In evaluating the suitability of Medicaid claims for examination of SMI morbidity/mortality issues, it is important to be aware of both the general limitations of claims-based research, as well as the specific limitations of our study. Regarding general limitations, our impression is that although claims-based research was once viewed with intense suspicion, its potential is now more widely recognized. However, this new acceptance should not tempt researchers or policy makers to oversell what can be accomplished. Diagnoses found in administrative claims are of uneven quality, although most research finds high rates of concordance with chart diagnosis for more severe disorders such as schizophrenia; some studies have reported 100% agreement.52
While psychiatric diagnoses based on standardized interviews typically produce high-quality diagnoses, clinicians are aware that diagnoses based on these standardized interviews do not possess every advantage over the provider-based diagnoses found in medical charts and administrative claims. Often, the treating clinician has observed the patient over time, knows relatives and other providers who can give clinically important information, and is able to solicit information from a patient based on a treatment alliance, which can motivate disclosures not provided in a paid interview.

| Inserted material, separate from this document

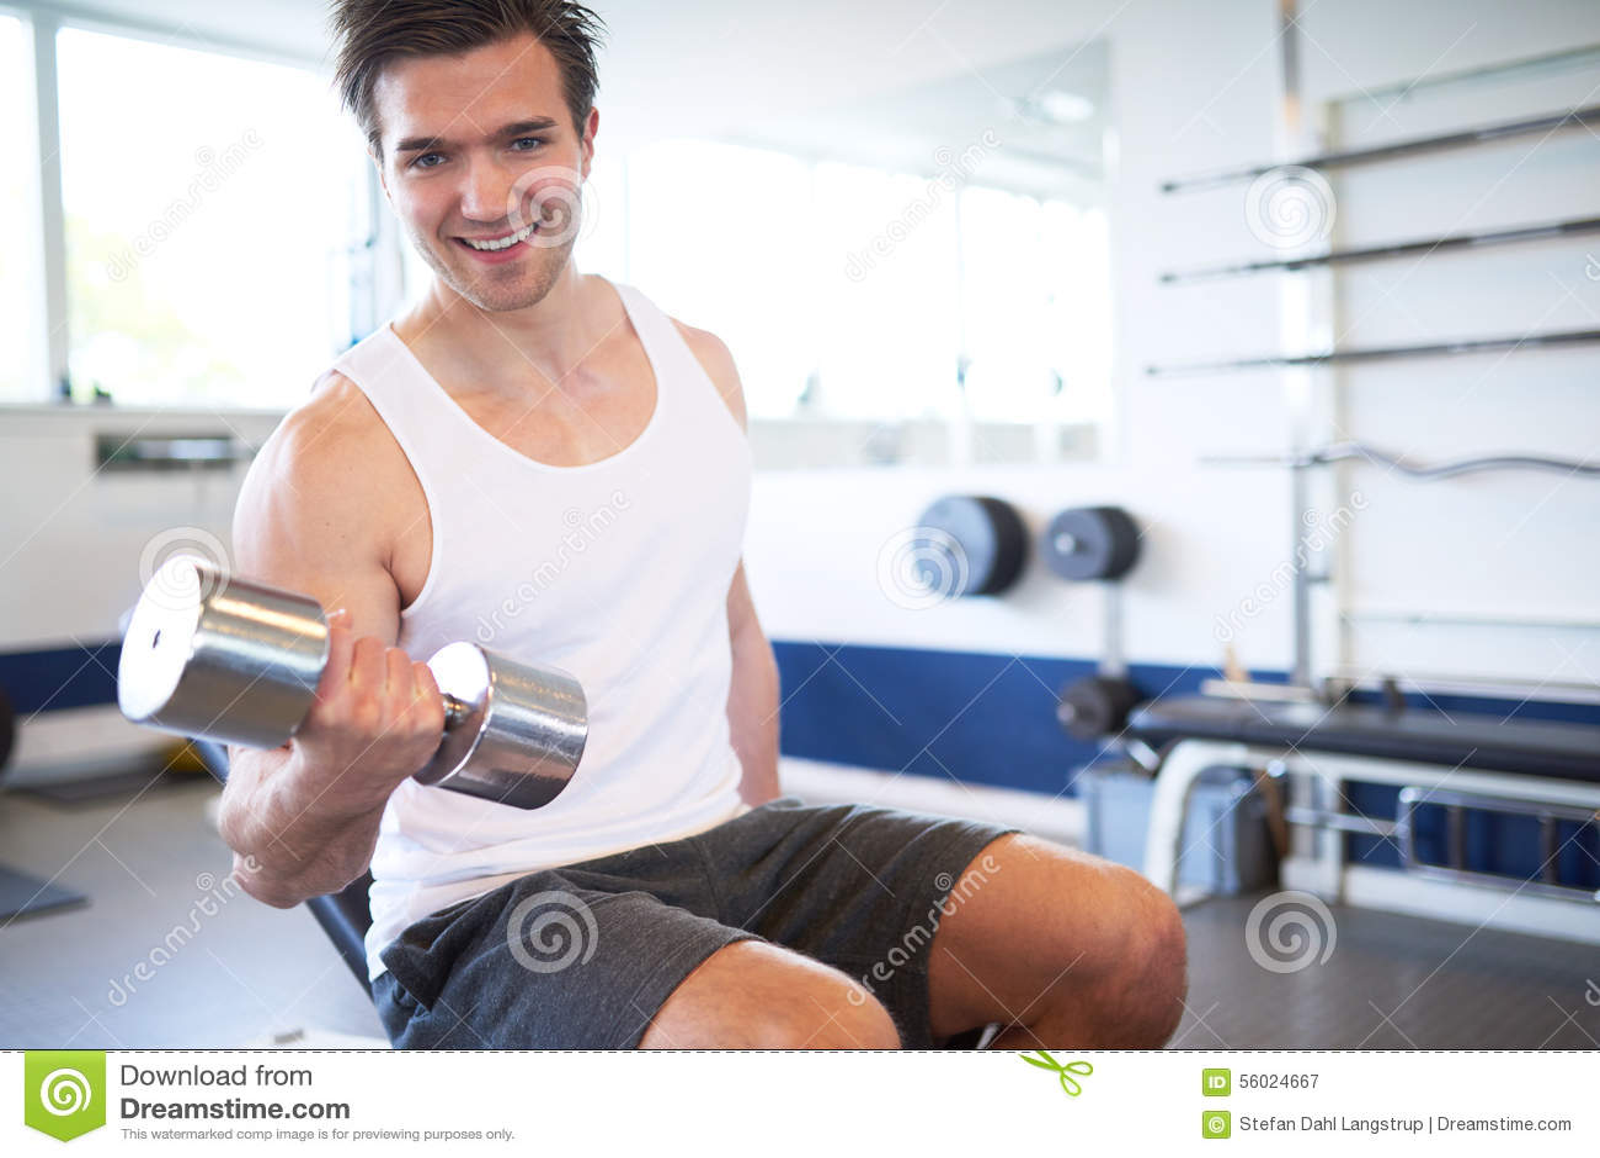 pijnlijke spieren hele lichaam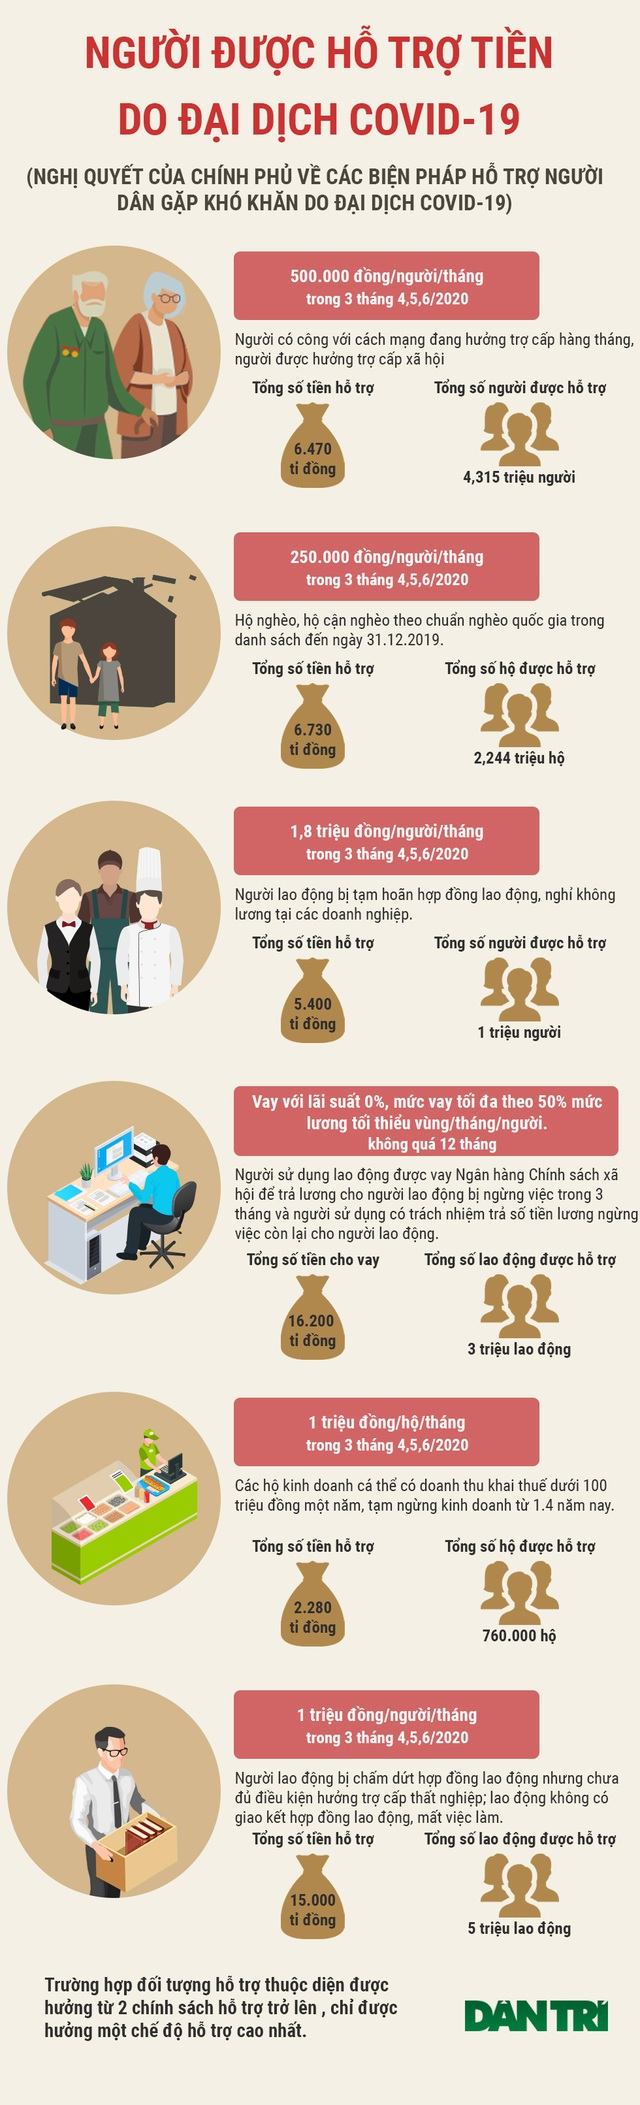 Infographic: Gói hỗ trợ hơn 62.000 tỷ đồng dành cho những đối tượng nào? - 1

Claims provide no information about undiagnosed conditions, so interpretations must gauge the scope of missed cases. In one of the few studies of its kind, we estimated concordance between claims indicative of HIV and state HIV and AIDS registry information.57
We found sensitivity was generally high, but particularly so in groups that use services frequently. While we suspect that this is a good rule of thumb, further research on validity issues is needed.
A further significant limitation was dependence on the availability of additional data sources. We were fortunate to be able to rely on the publications by Tempalski and colleagues61
of their high-quality, carefully constructed estimates of MSA-level rates of HIV among IDUs. Had these not been available, impressions regarding links between MSA-level rates of HIV among IDUs and HIV among people with SMI could not have been explored empirically.
Our findings may also have implications for an expanded view of the role of research development and diffusion. To date, much research on HIV infection rates among people with SMI has been conducted in major medical centers in urban areas and has performed a vital sentinel function, calling the attention of local providers to the emerging, overlooked clinical and public health challenge of HIV among people with SMI, and spurring the development and diffusion of prevention-focused technologies to local communities. But improved understanding and effective response require strengthening the information and influence flow from multiple local communities to the research enterprise and developing community- and provider-based partnerships able to contextualize local disease risks.